The FHA does not interfere with relationships inside the home.
The FHA defines “dwelling” as “any building, structure, or portion thereof which is occupied as, or designed or intended for occupancy as, a residence by one or more families.” Id. § 3602(b). A dwelling is thus a living unit designed or intended for occupancy by a family, meaning that it ordinarily has the elements generally associated with a family residence: sleeping spaces, bathroom and kitchen facilities, and common areas, such as living rooms, dens and hallways.
The Court concluded that there is no indication that Congress intended to interfere with personal relationships inside the home. Congress wanted to address the problem of landlords discriminating in the sale and rental of housing, which deprived protected classes of housing opportunities. But a business transaction between a tenant and landlord is quite different from an arrangement between two people sharing the same living space. According to the Court, Congress did not mean for the FHA to apply to people sharing the same living spacc. Consider, for example, the FHA's prohibition against sex discrimination. Could Congress, in the 1960s, really have meant that women must accept men as roommates? Telling women they may not lawfully exclude men from the list of acceptable roommates would be controversial today; it would have been scandalous in the 1960s. By extension, “Female seeking female roommate” would be allowable under this case.
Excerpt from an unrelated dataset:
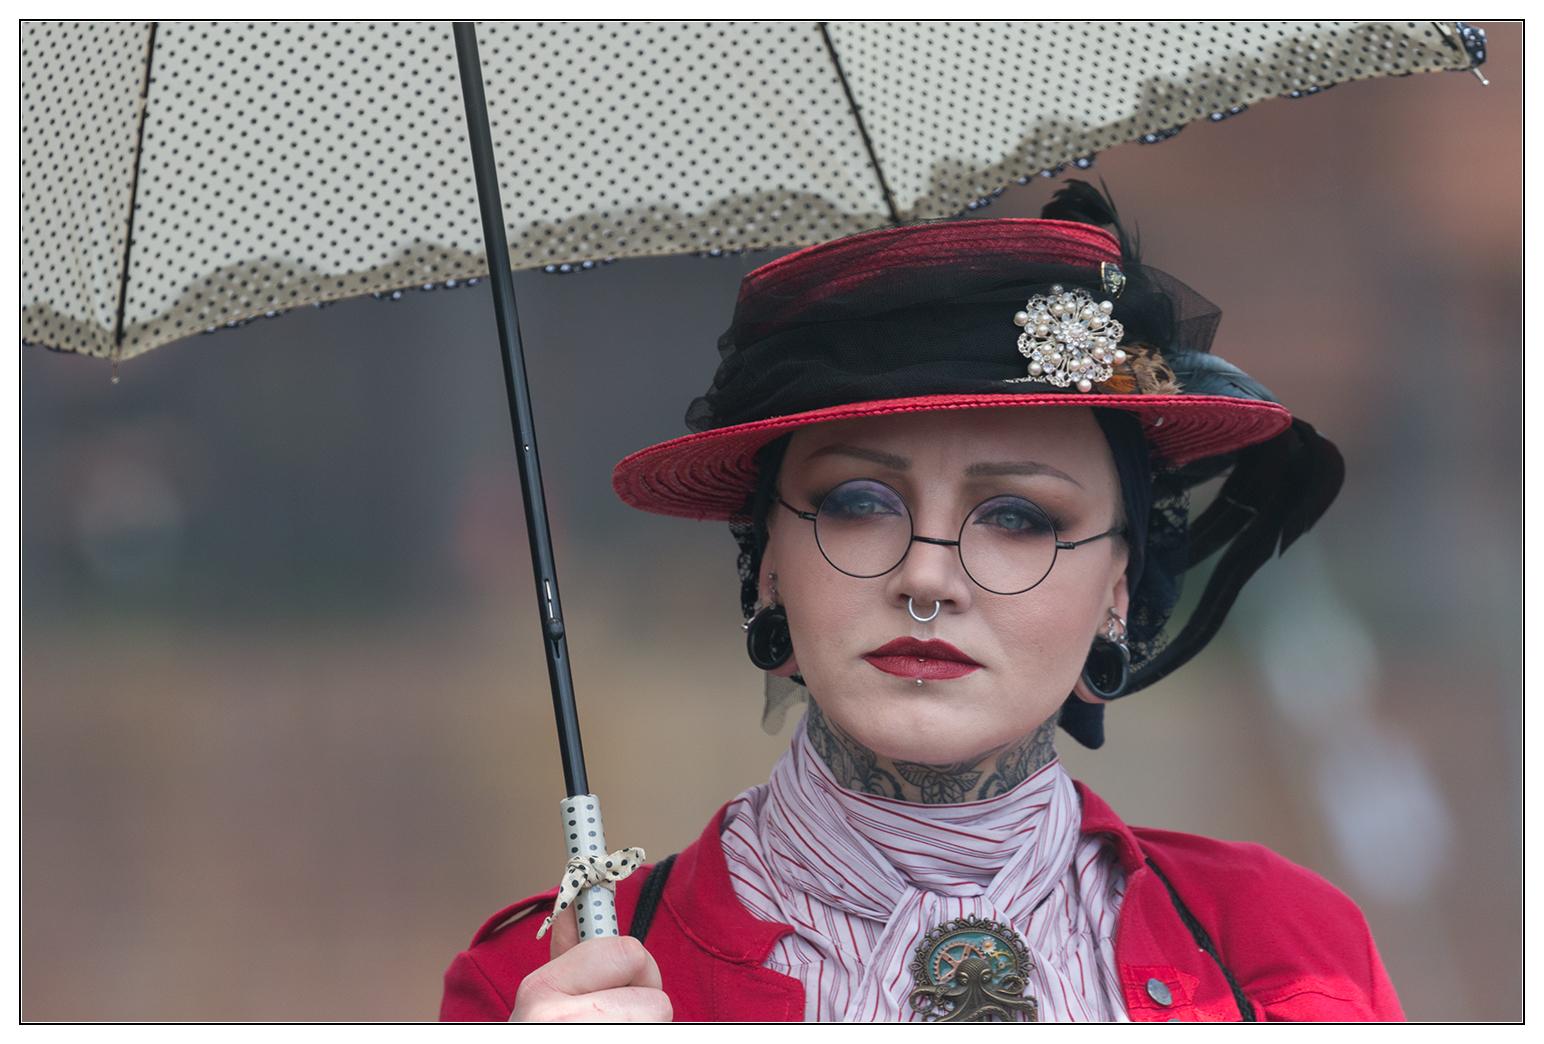 Dame plus Schirm

There are also Constitutional concerns with applying the Fair Housing Act to roommate situations. The Court concluded that the roommate relationship is so personal and intimate that potential government interference with that relationship raises significant Constitution concerns, and is unwarranted. The Court reasoned that the roommate relationship falls under the ambit of the fundamental right of intimate association, which, necessarily, also includes the right not to associate. The Court extended to roommate selection the same level of Constitutional protection afforded to “marriage, child-bearing, child rearing and cohabitation with relatives.” Our roommates, the Court reasoned, have unique access to every aspect of our personal home lives, and, we, likewise, have unfettered access to every aspect of theirs. We have a right, therefore, to select our roommates based upon our personal beliefs and opinions regarding things that may be offensive, dangerous, annoying, or otherwise incompatible with our own lifestyles. Extending the FHA anti-discrimination provisions to apply to the roommate relationship would permit the government to intrude into our homes, which are “entitled to special protection as the center of the private lives of our people.” Accordingly, it is perfectly reasonable for a woman to seek only female roommates.